In December of 2010, a seller on eBay listed three NES game prototypes, including one of Teenage Mutant Ninja Turtles. It was advertised that these games came from a long-time retired Nintendo employee, but as I stressed before on this site, I am always wary of unsubstantiated provenance claims, and so took the story with a grain of salt at first.

Upon further investigation, I discovered that the seller works for a limited liability company located in Kent, Washington that specializes in estate liquidations. As you probably already know, Nintendo of America is headquartered in Redmond, Washington, and the distance between Kent and Redmond is roughly 20 miles.

At around the same time that this was purchased, the seller was also offering very convincing Super Mario Bros. 2 and Duck Hunt / Super Mario Bros. / World Class Track Meet prototype samples. First party Nintendo prototypes are extraordinarily rare, as Nintendo has always been very protective of their own game properties, so seeing these other two titles worked in favor of the seller's story checking out. (FYI, Mario 2 went for $470, and the multi-game, $338—although I have a funny feeling that the winning bidder/s on both had much higher bids in reserve.)

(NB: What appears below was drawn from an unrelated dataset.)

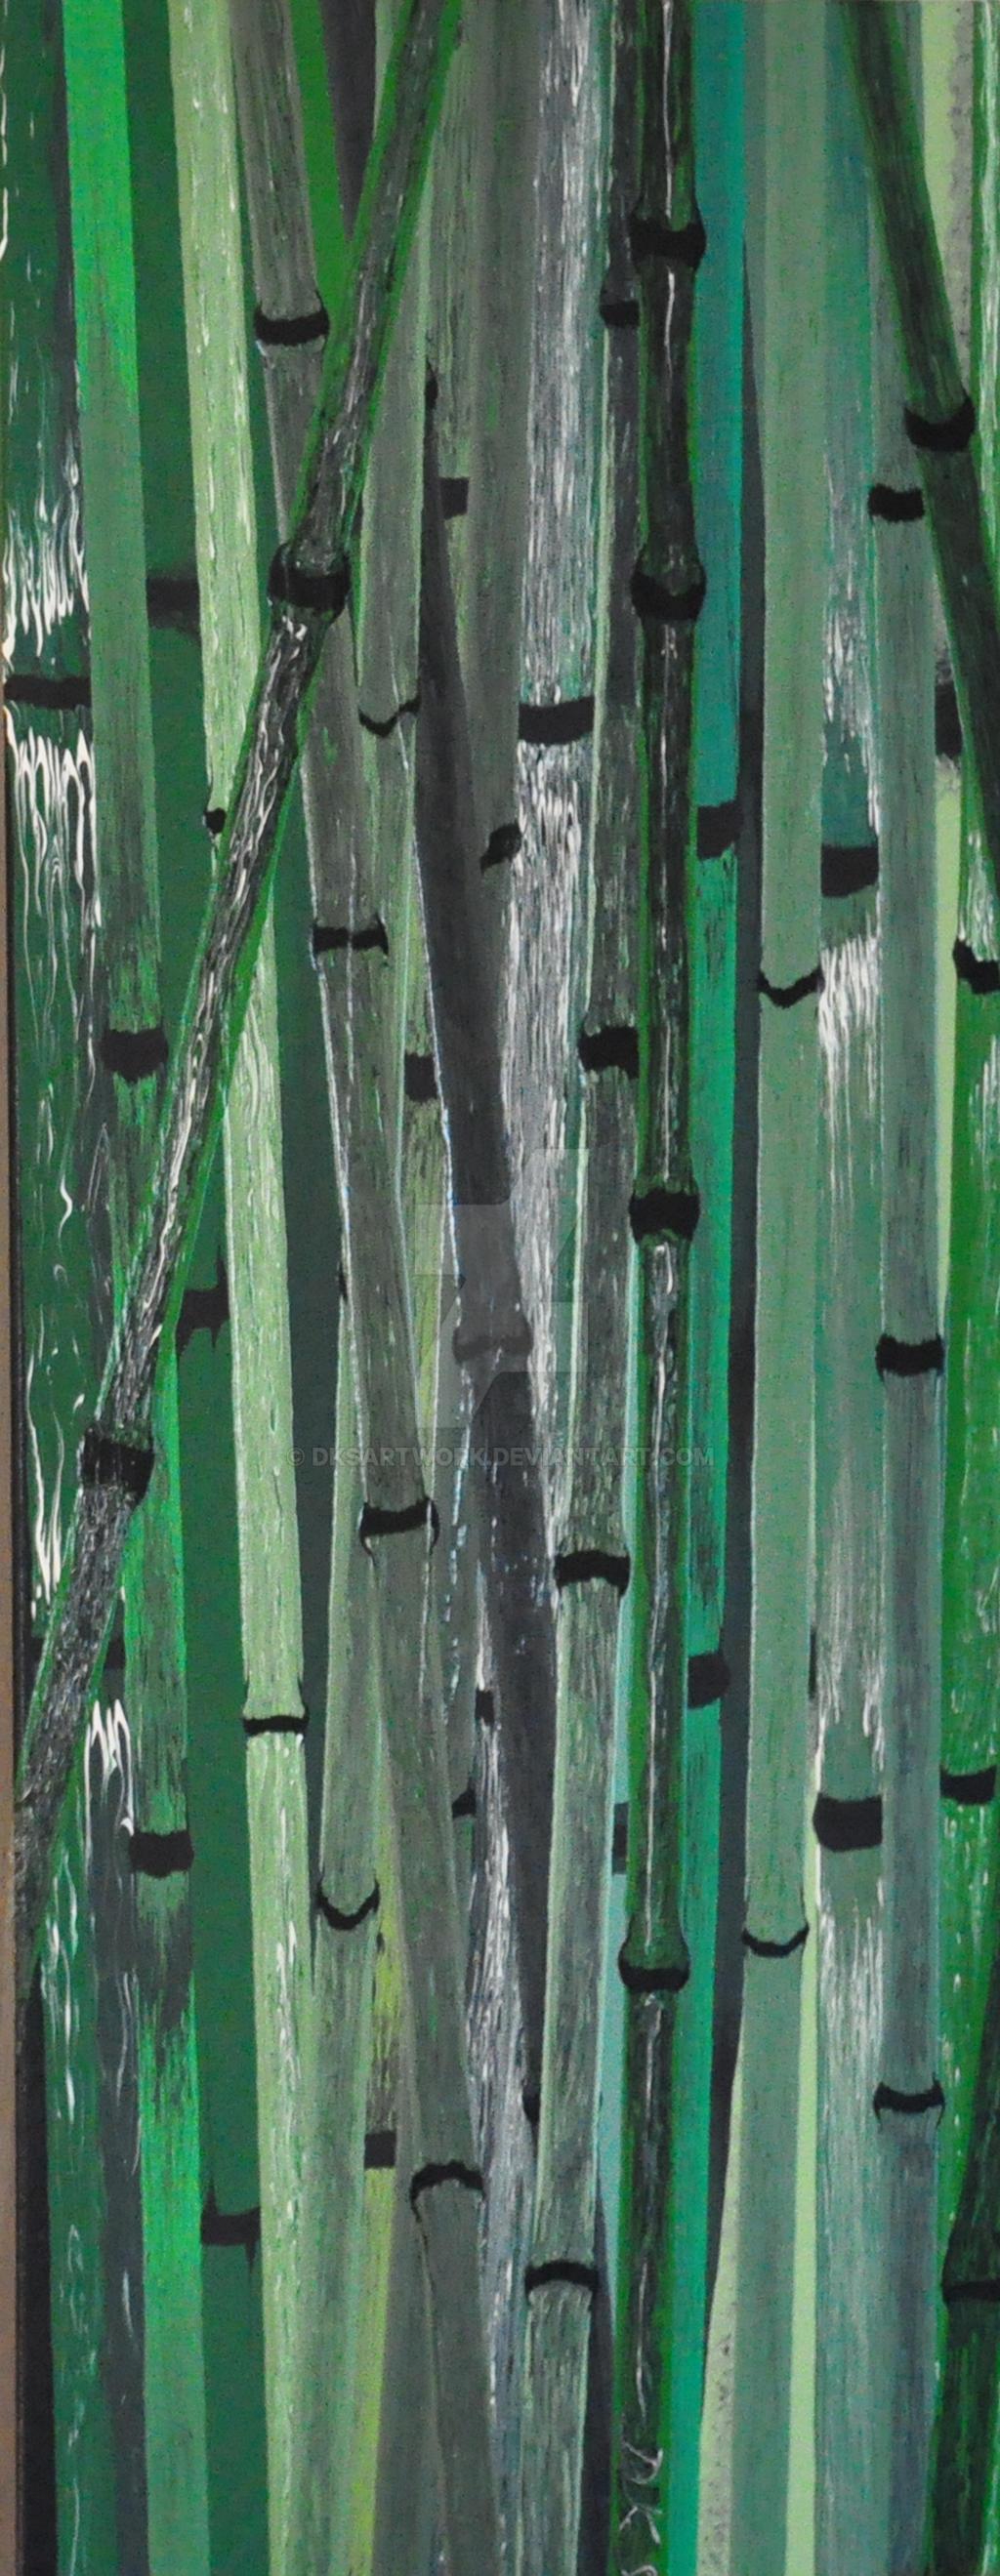 Bamboos 3 by dksartwork

Why not go for the other two games? I don't have the luxury to throw down a thousand Washingtons right now for Nintendo prototypes, especially at this time of the year. If I give my family recycled Christmas cards with newspaper clippings for free Egg McMuffins again, I'm afraid I won't be invited back next year to the holiday festivities—and now that I have time to remember all of the stress and fights during last Christmas, I wish I had tried for Mario!

Regardless of the pains of family dysfunction and Christmas-cursed spiked eggnog, this TMNT game is on an official Nintendo EPROM board (NES-SKEPROM-01), so I'm relying on this specialized PCB that is generally only seen in prototypes as evidence of its authenticity.

After the auction ended, I contacted the seller for more information regarding the source, and all I could find out about the mystery employee is that he worked for Nintendo of America from 1987 until 2007, and he now consults with video game publishers on launching new games. Although the seller said she didn't in theory have any problem telling me his name, she actually won't, because she doesn't want to get him into any trouble.

Into any trouble? For lifting private, internal materials like in-house game samples? Please, look me in the eye and tell me you've never taken home a three-hole puncher or a stack of printer paper from work. If you can fit in your lunch bag, and it isn't nailed down or attached to a chain, employers practically expect you to steal it. It just so happened that this man was privileged enough to be surrounded by expensive, rare video game cartridges instead of Swinglines. (Disclaimer: As an unemployed kleptomaniac, I may not be the best judge on office demeanor.)

Fortunately for us, this former Nintendo person has no moral qualms about selling his employment souvenirs anonymously with a third-party company on eBay for others to enjoy the fruits of his labor. 'Tis, indeed, the season for sharing (and pilfering)! Little baby Jesus smiles down upon us all.

I continued to press the seller for a name, but all of my further inquiries, just as my stacks of returned furry fan mail to Paul Fusco, have gone unanswered. In all seriousness, I should say, she was very nice in her messages to me; it seems the problem is that this employee is not at all interested to oblige his identity, as she claims he doesn't want what he calls "gamer geeks" bothering him (not to mention the greater threat of lawsuits from his former employer).

Mystery date behind door number 1 is Ronnie. Ronnie's Turn-Ons: Free Office Supplies. Turn-Offs: Gamer Geeks.

The only possible clue to his identity lies on the back of the cartridge where the name "Ronnie" is crudely scrawled in faded black magic marker. I don't know about you, but I have never met a Ronald I liked. I bet he has red hair and dirty fingernails and neck hair.

After dumping the game and running it through GoodNES, it is the same as retail. Thanks, Ronnie. Now I know for sure there is no Santa Claus. Dick.